Passover, or Pesach, is one of the most significant and enduring festivals in the Jewish tradition. Celebrated over eight days (seven in Israel) beginning on the 15th of Nisan, it commemorates the Exodus from Egypt—the liberation of the Israelites from slavery and the birth of a covenantal relationship between a people and their God. Yet beyond its historical narrative, Passover is a deeply spiritual and philosophical festival of freedom, memory, transformation, and sacred responsibility.
At the heart of the observance is the Seder, a ritual meal held on the first night (or two nights) of the festival. This ceremonial gathering is guided by the Haggadah, a text that weaves together Scripture, song, questions, commentary, and symbolic foods to retell the story of the Exodus. It is not a passive recounting of history, but a participatory ritual—inviting each person to see themselves as if they had come out of Egypt. In this way, Passover becomes a living myth, a reenactment of spiritual liberation in every generation.
The symbolic elements of the Seder table carry layers of meaning. Matzah, the unleavened bread, recalls the haste of the Israelites’ departure, while also symbolising simplicity and humility. Maror, the bitter herbs, represent the pain of bondage.

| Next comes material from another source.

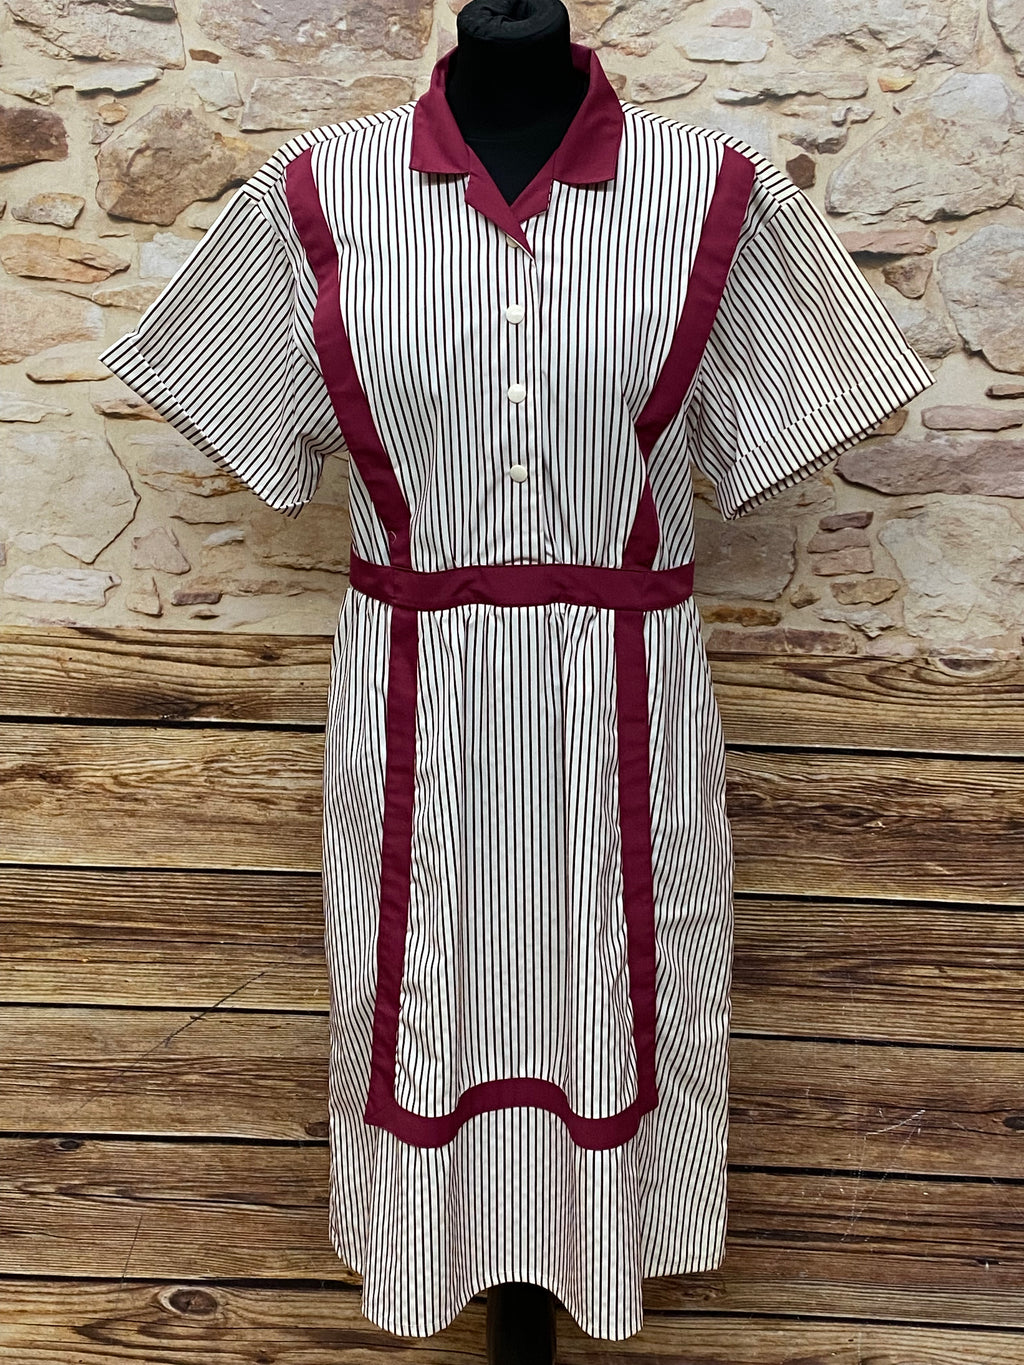 Hausmädchenkleid original Vintage Uniform gr.38
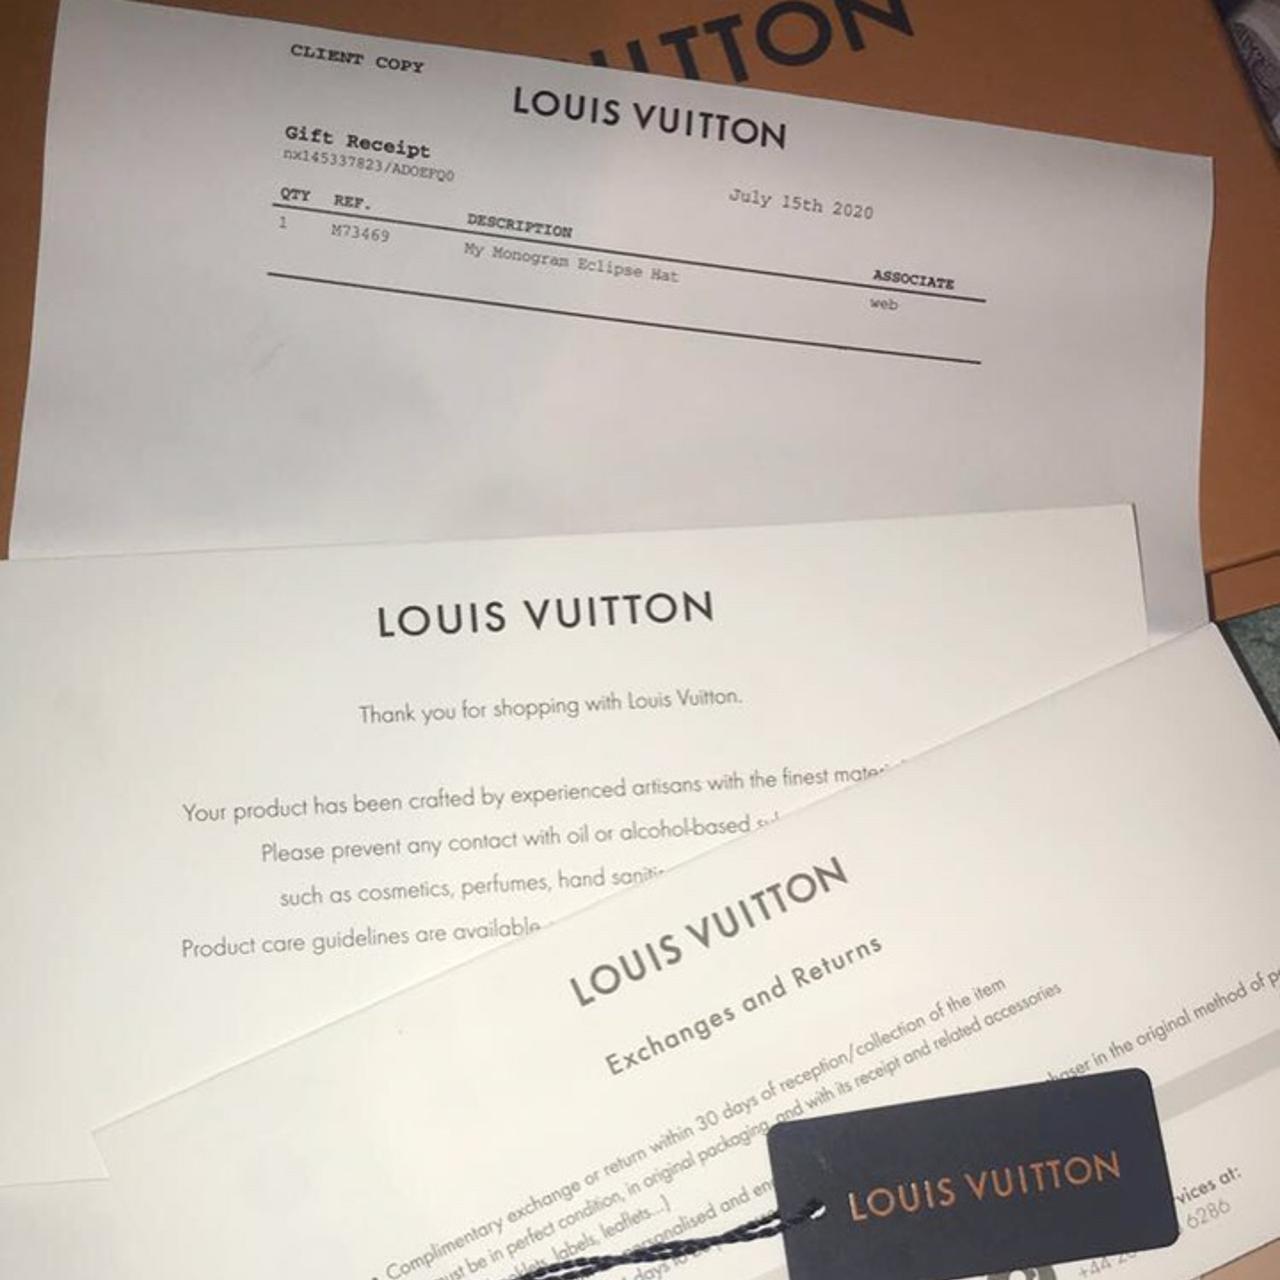 Louis Vuitton Monogram Eclipse Hat, Never Been Worn

Charoset, a sweet paste of fruit and nuts, evokes the mortar used by enslaved labourers, sweetened by the promise of freedom. The four cups of wine sanctify the four stages of redemption, and the cup for Elijah points toward a messianic hope still to come.
Spiritually, Passover is a call to awaken from inner bondage—whether it be fear, injustice, addiction, or apathy. The Exodus story becomes a metaphor for the journey from constriction (mitzrayim, the Hebrew name for Egypt, also means “narrow places”) toward expansiveness, possibility, and divine encounter. Each year, the holiday invites reflection: what is the Egypt I must leave behind, and what liberation am I ready to embrace?
Philosophically, Passover explores the tension between freedom and responsibility. Liberation is not an end in itself, but a movement toward covenant, toward law infused with compassion, and toward communal flourishing. Freedom in the Jewish tradition is not libertinism, but the opportunity to choose what is right, to sanctify time, and to remember those who are still oppressed.
Passover also has a strong ethical dimension. The experience of slavery becomes the root of moral obligation—“You shall not oppress the stranger, for you were strangers in the land of Egypt.” This memory-based ethics calls for empathy, justice, and the continual work of building a more compassionate world.
Artistically, Passover has inspired music, liturgical poetry (piyyutim), illuminated manuscripts, and contemporary reinterpretations of the Seder. The festival lives not only in tradition, but in creative adaptation, as each generation finds new ways to tell the story and make it speak to the world they inhabit.
Passover is ultimately a festival of sacred storytelling and spiritual awakening. It reminds us that freedom is fragile but possible, that memory is transformative, and that redemption begins not in grand miracles, but in the quiet decision to walk through the waters of fear and into the unknown. Each year, around the Seder table, the story begins again—timeless, urgent, and alive.